Juliet looked away and licked her mouth. Her lips gathered delicately in what she knew was called a Cupid’s bow, but the air against them now made them feel enormous.

“Look, it’s like jumping into a pool,” said Beau. “You just gotta one-two-three-
go
. But turn your face in my direction.” He leaned into her, and Juliet closed her eyes, her palms stiffening against the rough bricks behind her. The darkness comforted her; she was nowhere, she was in outer space. She could smell Beau’s aftershave, thick and lemony, and felt his hand on her chin. His mouth pressed into hers and in a startled gasp, her lips parted. His tongue was warm and alive and insistent, a creature unto itself. She felt the smooth edges of his teeth and worried at the sharpness of her own. Then his fingers, thick and strong, slid up her face, stopping to cover her birthmark.

She pushed him back. “Hey.”

“Oh, come on, I thought it’d be nice.”

“Nice for who?” she yelped.

“Juliet, it’s not even that noticeable
anymore. I bet it’ll disappear completely.”
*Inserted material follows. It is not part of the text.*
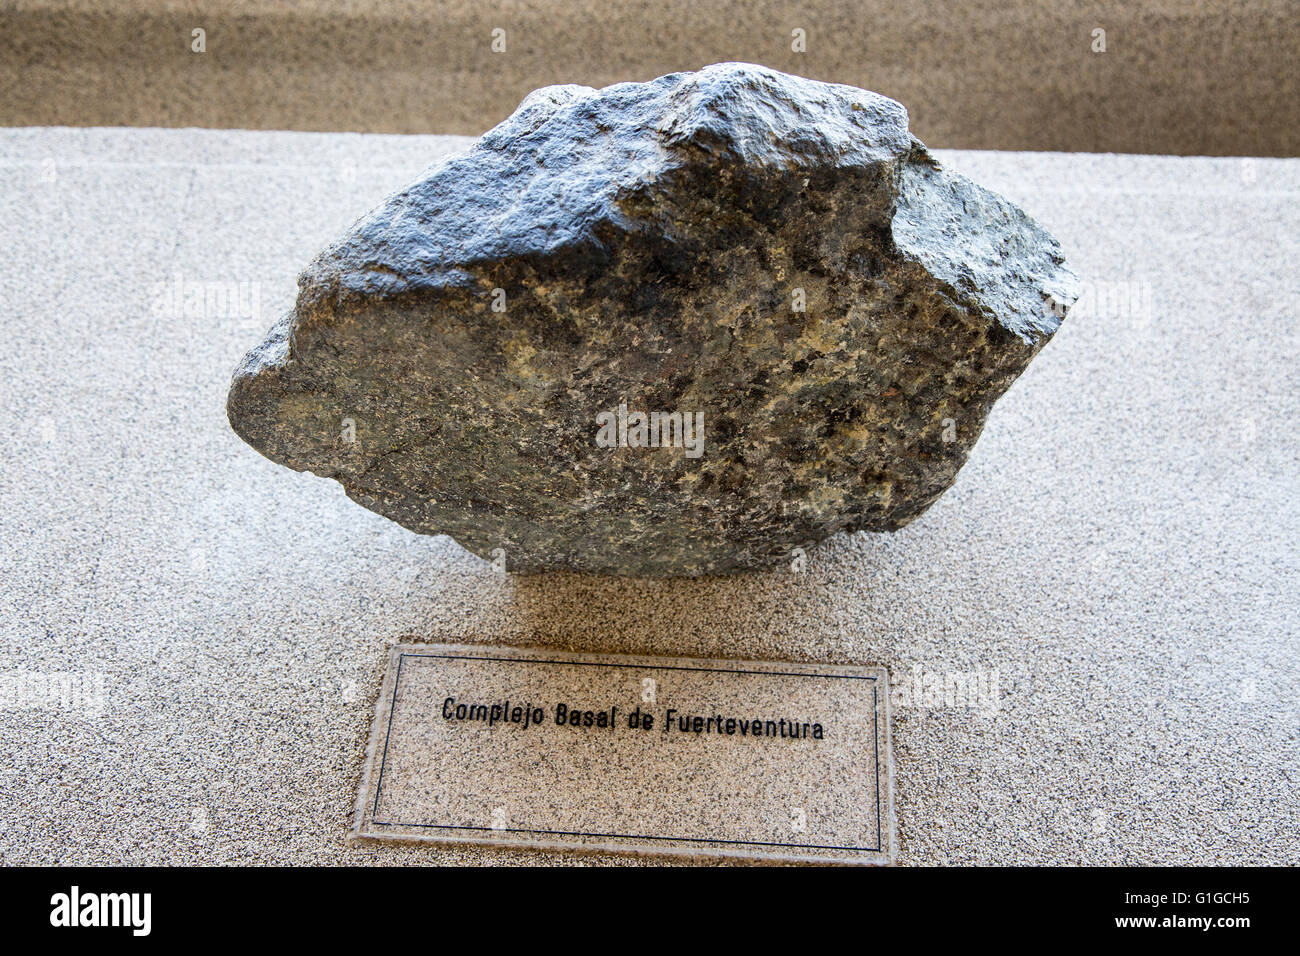 Complex basal rock sample from Fuerteventura, geology display Casa de los Volcanes volcanic study centre, Lanzarote, Stock Photo

“And if it doesn’t disappear?”

Beau’s mouth fell crookedly open, and the thought of what he might say filled Juliet with such dread that she gathered her things and walked off. “Hey, I’m sorry!” he called after her. She wanted to run, but fought the urge. She had two rules when dealing with tormentors: no running; no tears.

In the grainy afternoon light, she trudged through the old part of town, passing the formerly grand homes of Hancock Street. She glared at the ruined mansions, withering under buckled beams; strips of paint peeled off at irregular intervals so that the façades seemed to be suffering from a bout of measles or chicken-pox scabs. Around the turn of the century both a hurricane and a fire had ravaged Charlesport. But Juliet found it difficult to imagine these events—the noisy, wet drama of a hurricane, the roar of buildings aflame. It seemed impossible that a town standing in such dreary slumber had once built massive ships to sail the world.

Nothing here now,
she thought,
but small-town bores.

Soon she passed the thickly wooded area where years earlier she and Tuck had rescued a wounded raven. “Raven Point,” they called the woods. Together they had nursed the bird back to health and kept it as a pet. Juliet had grown attached to Cher Ami, who would follow her to school. But at Tuck’s insistence, they eventually released the bird back into the woods. He belonged to the wilderness, Tuck had said. But for months afterward, Juliet and Tuck would lie side by side at the edge of Raven Point, staring up at the thick canopy of trees, calling Cher Ami’s name. Several times, they thought they spotted him on a distant branch. But the woods had changed the bird; he wouldn’t come down. Eventually, when she called his name, Juliet wasn’t even certain she could tell him apart from the other birds. She wept at this, and Tuck held her close. He said maybe it was their mother she was weeping for, and Juliet thought perhaps he
was right. She had died when Juliet was only three years old. Over the years, she and Tuck grew accustomed to lying at the edge of Raven Point, listening to the scratch of squirrels climbing the bluff oaks, talking into the early evening. It became their secret hideaway. Here they had shared their first cigarette, sipped their first bourbon. Here they had conjured up the fictional Miss Van Effing.